End of an episode
East Timorese independence leader Jose Alexandre "Xanana" Gusmao could not have put it better. Paying a brief visit to see off the last Indonesian Military (TNI) contingent in East Timor as the soldiers were making preparations for their flight home from Dili airport during the weekend, Xanana clasped hands with the Indonesian officers and bid them farewell.
"This ends an historical error. A mistake between two countries. Now we have to look at the future," the East Timorese leader said.
A number of inferences can be drawn from Xanana's words. In the first place, of course, they conveyed the kind of wisdom and statesmanship that the East Timorese will need from the man who is expected to become their first president. The East Timorese can consider themselves fortunate to have this kind of leader at a time when they are poised to embark on the arduous road of full independence in the not-so-distant future.

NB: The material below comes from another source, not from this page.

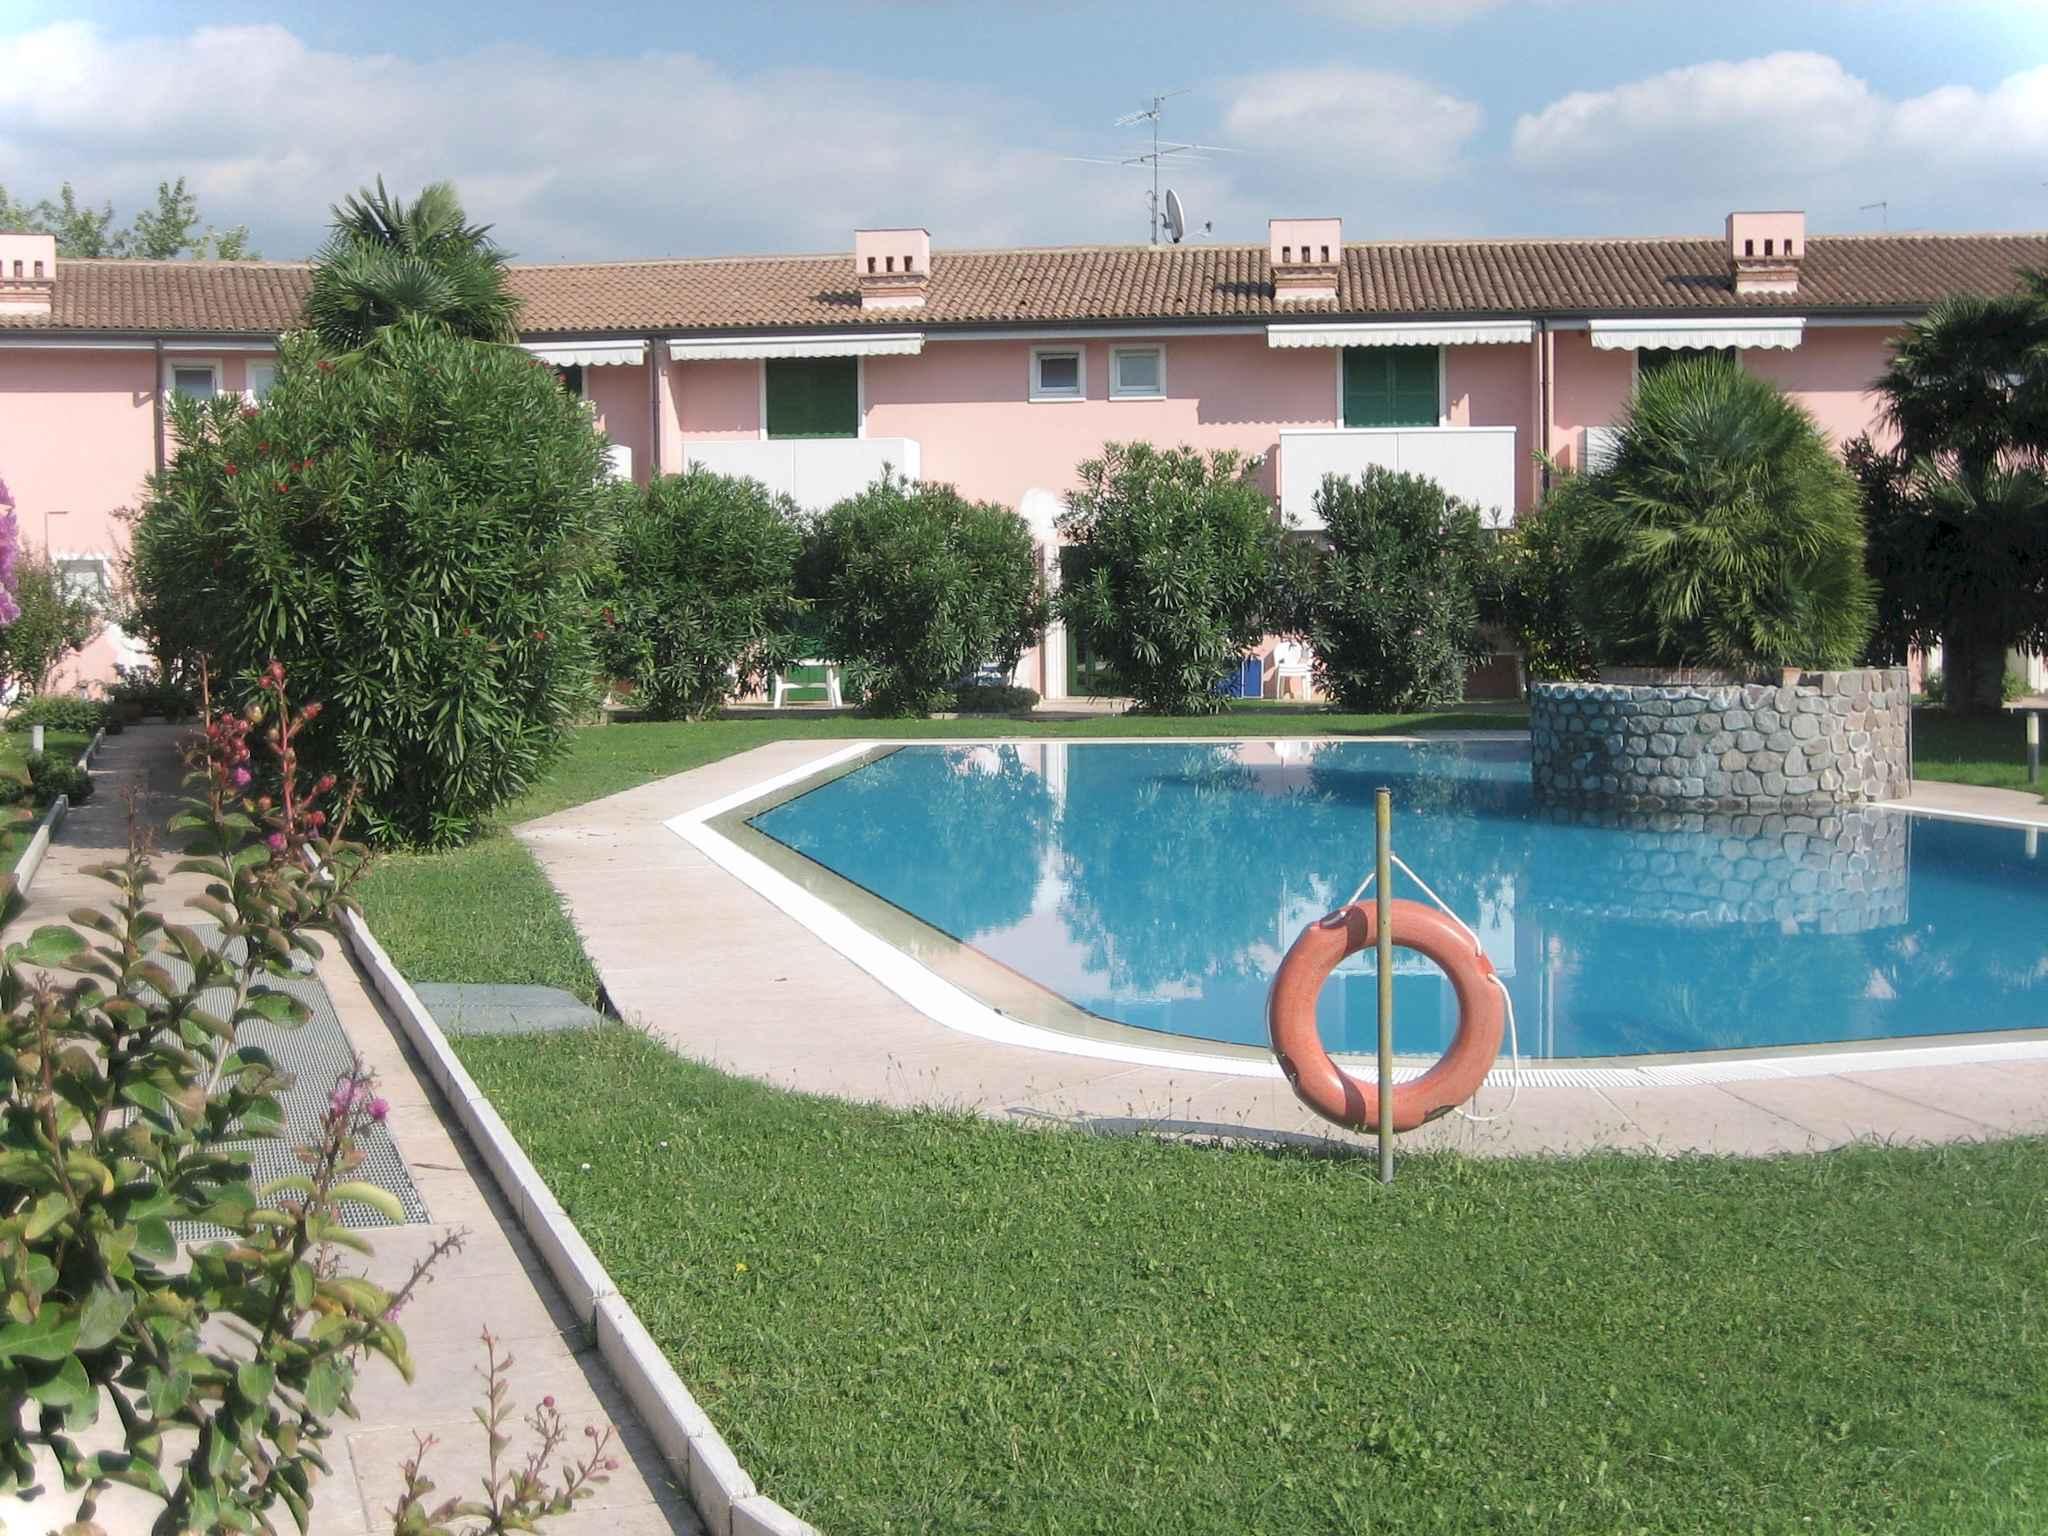 Ferienwohnung con balcone (479075), Lazise, Gardasee, Venetien, Italien, Bild 5

No less fortunate -- for both East Timor and Indonesia -- a similarly enlightened and democratic leadership exists in Jakarta at this crucial point in history. Last week, in his first official remarks to the press, President Abdurrahman Wahid made it known that he and Vice President Megawati Soekarnoputri would personally welcome Xanana at the airport should the East Timorese leader go ahead with his reported plan to visit Jakarta. This, the President said, would serve as a signal that Indonesia was serious in its resolve to honor international law to the fullest.
Secondly, Xanana's parting gesture and words aptly portrayed the predicament which the drawn-out East Timor conflict has posed for both Indonesia and East Timor.
Painful as the loss of the former Portuguese colony may be for many Indonesians -- at least 5,000 Indonesian soldiers are reported to have lost their lives in the conflict, not to mention an estimated 200,000 East Timorese fighters and civilians -- the 24-year-long conflict can only be appropriately called a historical error, given the sacrifices that have been made on both sides and the international complications which the problem has caused for Jakarta.
Hopefully, those problems will end with East Timor's transition from a reluctant Indonesian province into an independent state -- a transition which after Saturday's departure of the last Indonesian military contingent in Dili formally starts. And, having arrived at this point in their respective histories, the only sensible thing for both Indonesians and East Timorese to do obviously is, as Xanana said, to look to the future. In that future, both Indonesia and independent East Timor as well as the Asia-Pacific region as a whole can only stand to benefit from maintaining good relations between the two.
Naturally, it will take time and effort for the wounds to heal. But with the kind of wise and democratic leadership that now exists in Jakarta -- and hopefully in the near future also in Dili -- there is every reason to believe that such a rapprochement is possible.
For Indonesia, the whole East Timor episode can serve as a valuable lesson in how popular resistance movements should not be handled. Indonesia's fatal mistake in East Timor was that during all of its 24-year-long presence in the territory it failed to win the hearts and minds of the East Timorese people.
The pain that many Indonesians surely feel at the loss of East Timor is easy enough to understand. But, now that they have come to this final stage of the drama, all that can be said is that, hopefully, the lesson is one well learned.